Windows 7によってマイクロソフトはあなたのコンピュータの法的支配を確立し、その権力をもってコンピュータユーザーを利用しています。


"あなたのコンピュータとネットワークのセキュリティは2つの事にかかっています:自分のコンピュータとネットワークを保護する為に何をしているか、そして他人が彼らのコンピュータとネットワークを保護する為に何をしているか。 あなたが保護されたネットワークを維持するだけでは充分ではありません。もし他の人が保護対策を維持しない場合、我々はみな攻撃され易くなってしまいます。保護されていないコンピュータが多数インターネットに接続されていると、ワームはもっと素早く、もっと大規模に広がり、分散型サービス拒否攻撃がより簡単に世に送り出され、スパマーがメールを送信する為のプラットホームが更に多くなってしまいます。インターネット上における平均的なコンピュータが保護されていなければいないほど、あなたのコンピュータは安全でなくなります。"

-- Bruce Schneier

But how do you know your computer is secure? If you're using proprietary software, you don't! With free software, even if you don't have the skills to evaluate the software, you can be certain that someone else can.

Windows has a long history of security vulnerabilities, enabling the spread of viruses and allowing remote users to take over people's computers for use in spam-sending botnets. Because the software is secret, all users are dependent on Microsoft to fix these problems -- but Microsoft has its own security interests at heart, not those of its users.

In 2005, a vulnerability was discovered that affects all versions of Windows from Windows 3.0, released in 1990 until Windows Server 2003 R2 from December 2005, with XP and later versions most severely affected. The problem, which affects the Windows Metafile image format, a format commonly used for clip-art and other vector images. Files containing specially crafted 'Escape codes' allow for arbitrary user-defined function code to be run when displaying the image fails.

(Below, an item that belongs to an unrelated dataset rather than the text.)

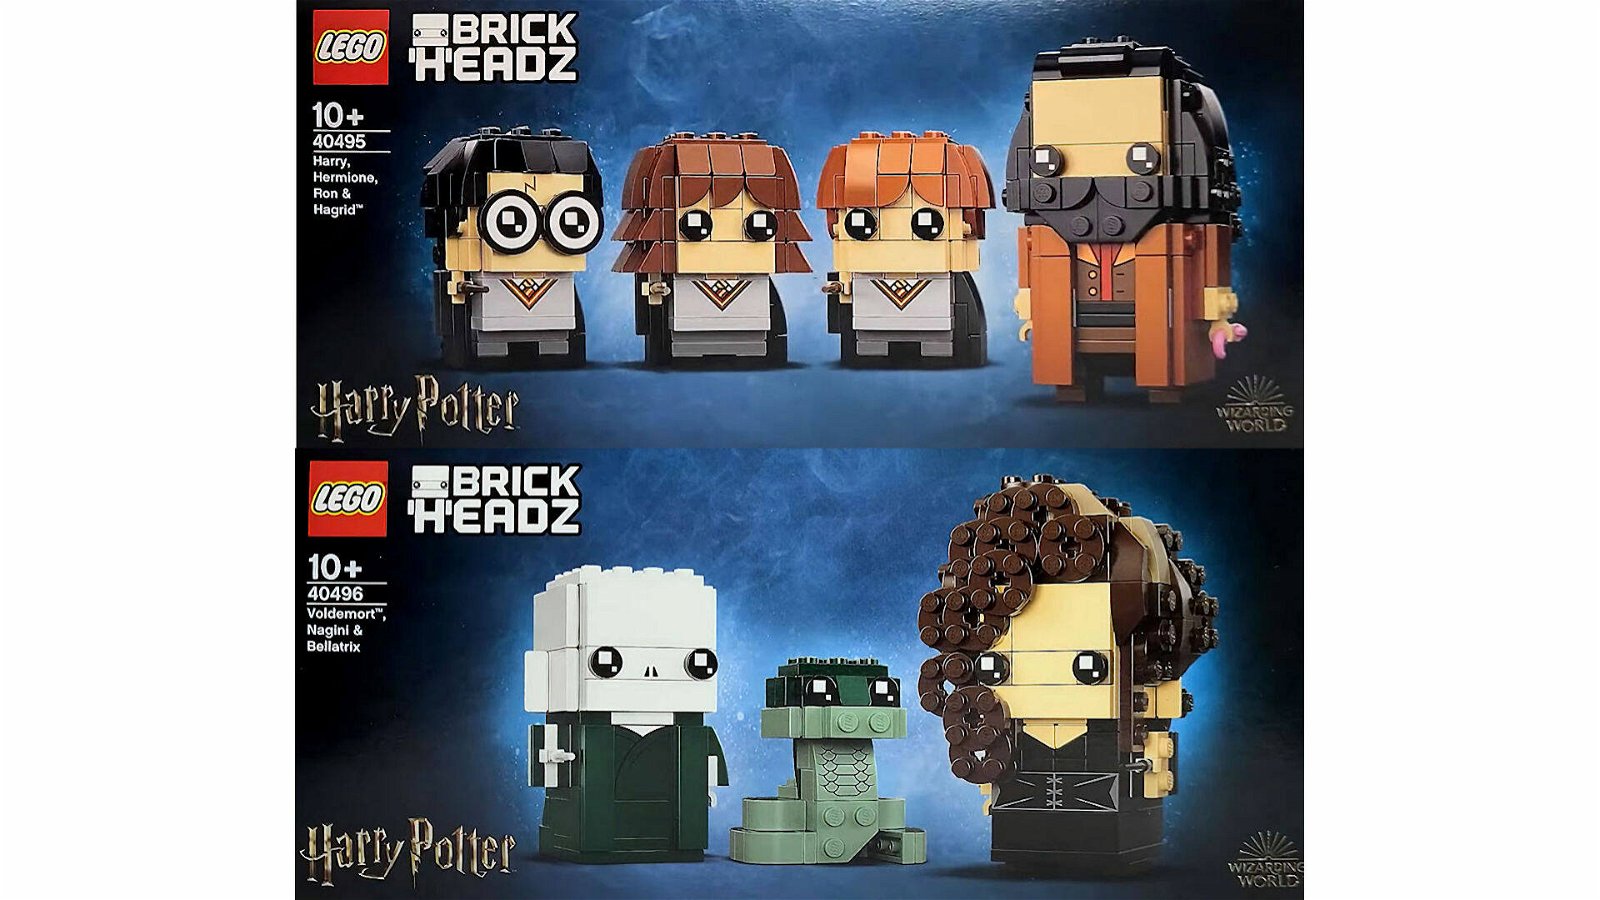 Immagine di LEGO: ancora pochi giorni di attesa per i nuovi set LEGO Brickheadz di Harry Potter

Security researcher, Steve Gibson, believes the flaw may be intentional, too.

The situations where such files are viewed is wide:

  • Viewing a website in Internet Explorer.
  • Previewing an image on your desktop or using Windows Explorer.
  • Previewing an infected email in Microsoft Outlook or Outlook Express.

Microsoft even introduced a new class of malware, the macro virus -- allowing seemingly innocuous spreadsheets and word processing documents to contain malicious programming code in Microsoft Office.

Part of the issue of Windows security comes from the fact that that by default, administrator accounts are used and expected by many applications -- these adminstrator accounts also allow malware to attack the operating system.

In free software this would be treated as both a technical issue and a social problem -- if software needs to do things as an administrator, it needs a good reason to do so, and if it prevents users from doing the job without risking their privacy and security, it is anti-social.